◆ TASK INSTRUCTIONS:
Exactly and only the lines below from the one containing "Demonstranten hielten Plakate, die" down to the one containing "Понравилась девушка - прояви" are wanted, both included; please exclude every picture.

◆ SOURCE MATERIAL:
◇ ◇ ◇

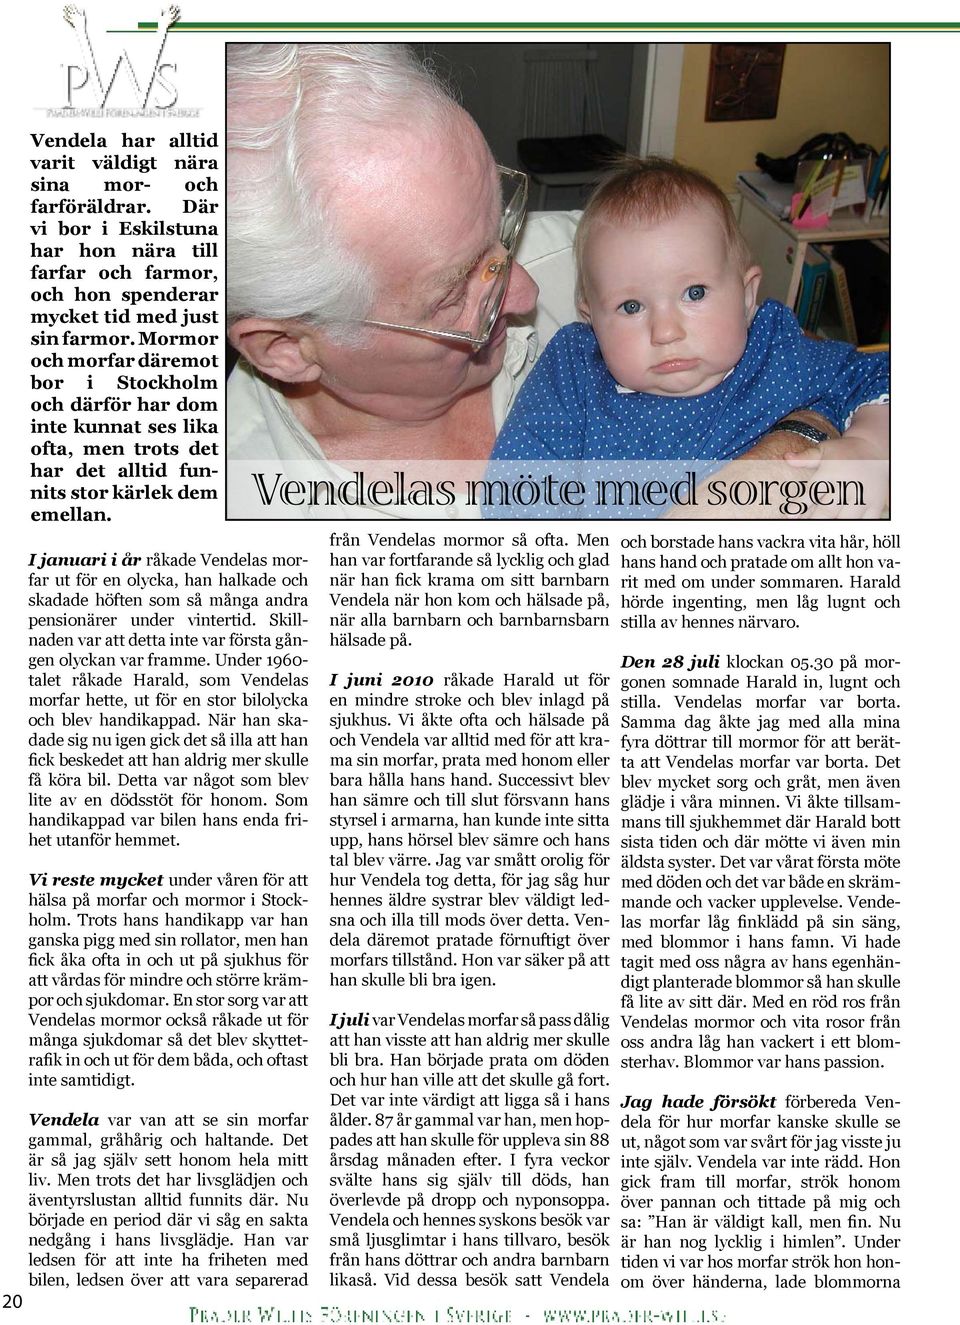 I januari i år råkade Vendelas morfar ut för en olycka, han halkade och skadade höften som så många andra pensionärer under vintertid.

◇ ◇ ◇

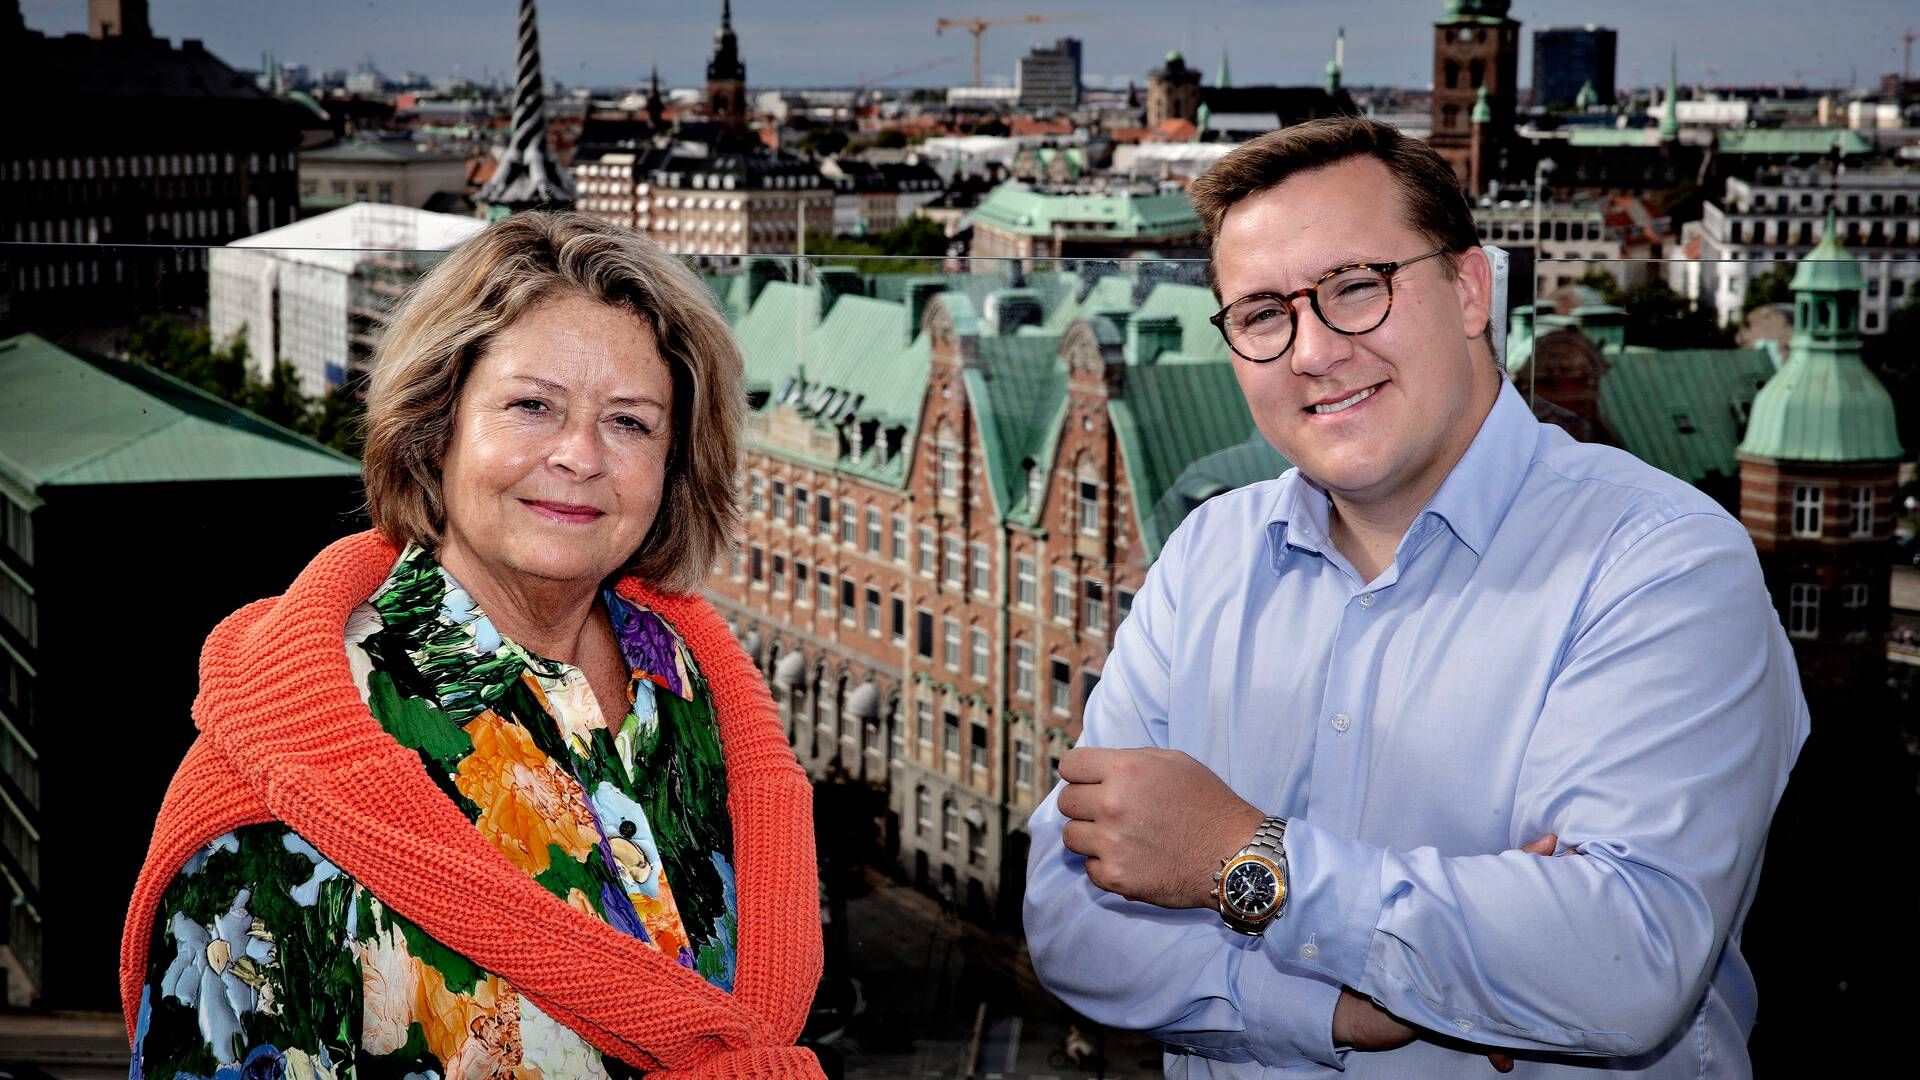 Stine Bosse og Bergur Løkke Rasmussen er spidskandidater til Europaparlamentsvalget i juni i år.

◇ ◇ ◇

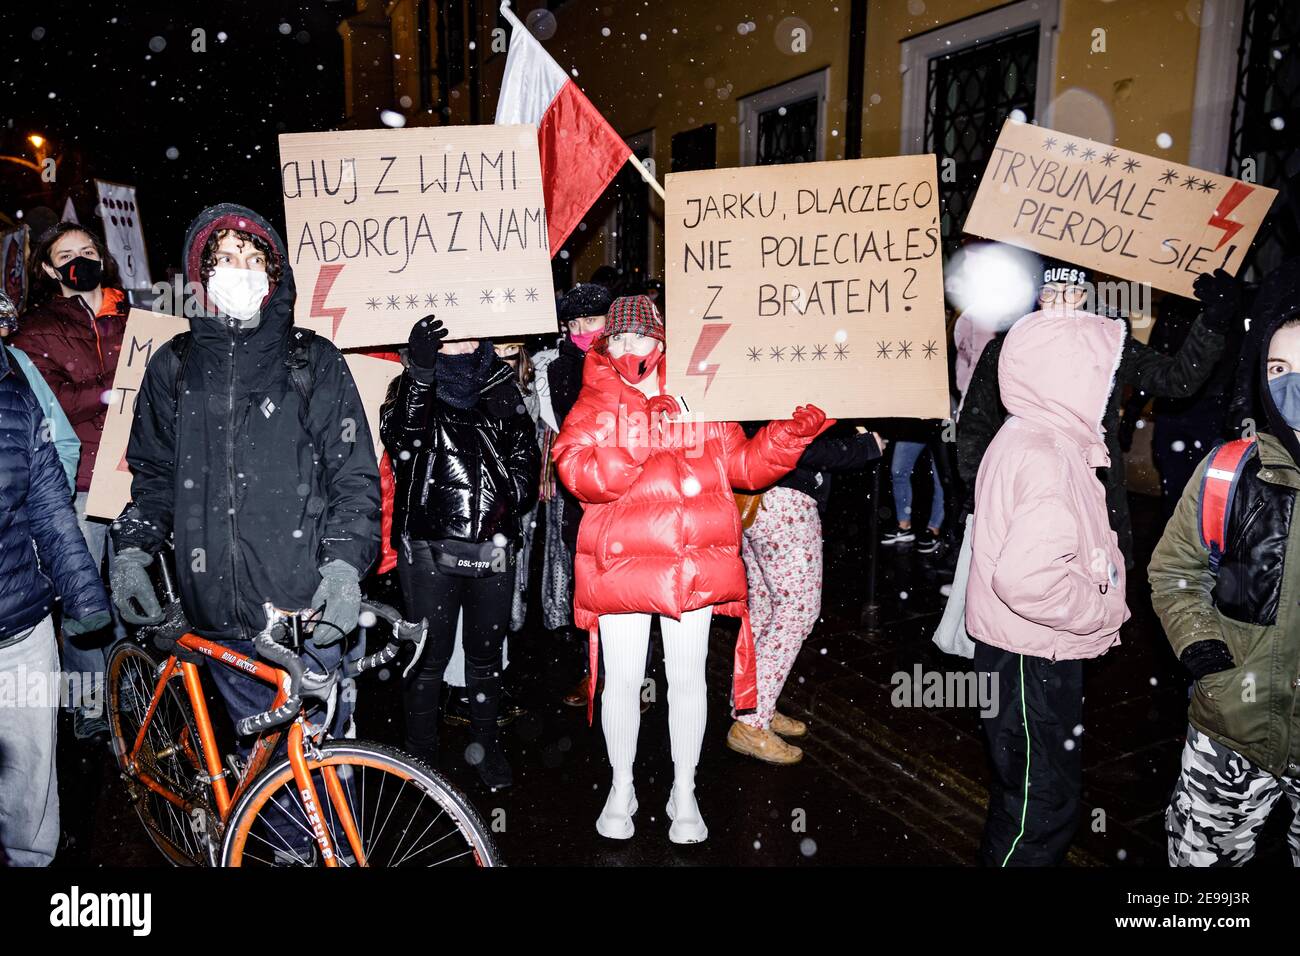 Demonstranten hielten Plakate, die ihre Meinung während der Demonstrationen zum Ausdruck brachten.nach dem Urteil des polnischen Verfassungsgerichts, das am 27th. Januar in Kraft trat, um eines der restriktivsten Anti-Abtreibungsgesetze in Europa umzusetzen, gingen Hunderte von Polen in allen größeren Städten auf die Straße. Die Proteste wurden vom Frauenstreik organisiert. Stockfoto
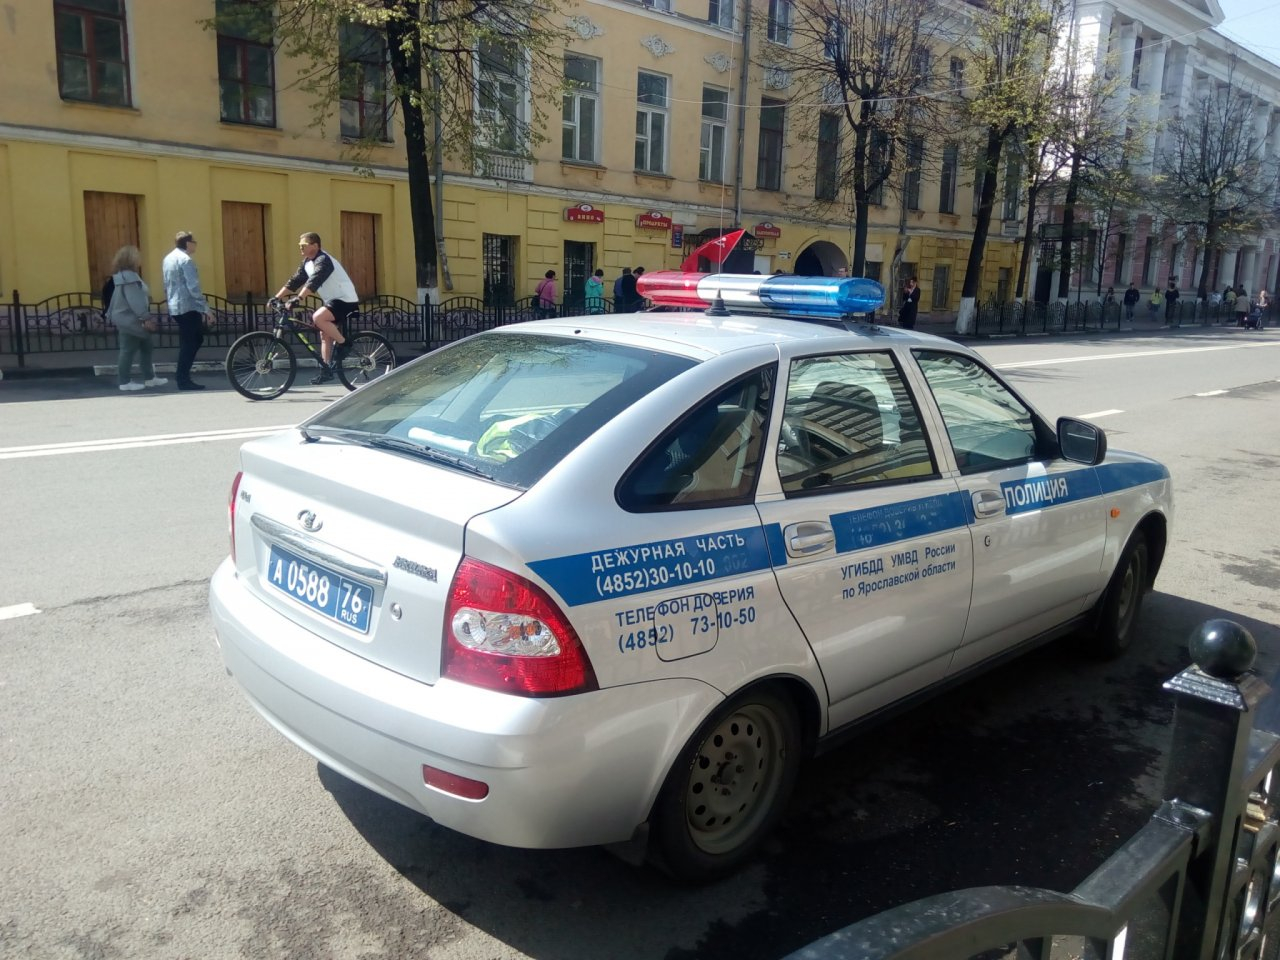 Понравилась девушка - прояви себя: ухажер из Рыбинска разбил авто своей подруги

◇ ◇ ◇

◆ SOLUTION TO THE PROBLEM:
 Demonstranten hielten Plakate, die ihre Meinung während der Demonstrationen zum Ausdruck brachten.nach dem Urteil des polnischen Verfassungsgerichts, das am 27th. Januar in Kraft trat, um eines der restriktivsten Anti-Abtreibungsgesetze in Europa umzusetzen, gingen Hunderte von Polen in allen größeren Städten auf die Straße. Die Proteste wurden vom Frauenstreik organisiert. Stockfoto
 Понравилась девушка - прояви себя: ухажер из Рыбинска разбил авто своей подруги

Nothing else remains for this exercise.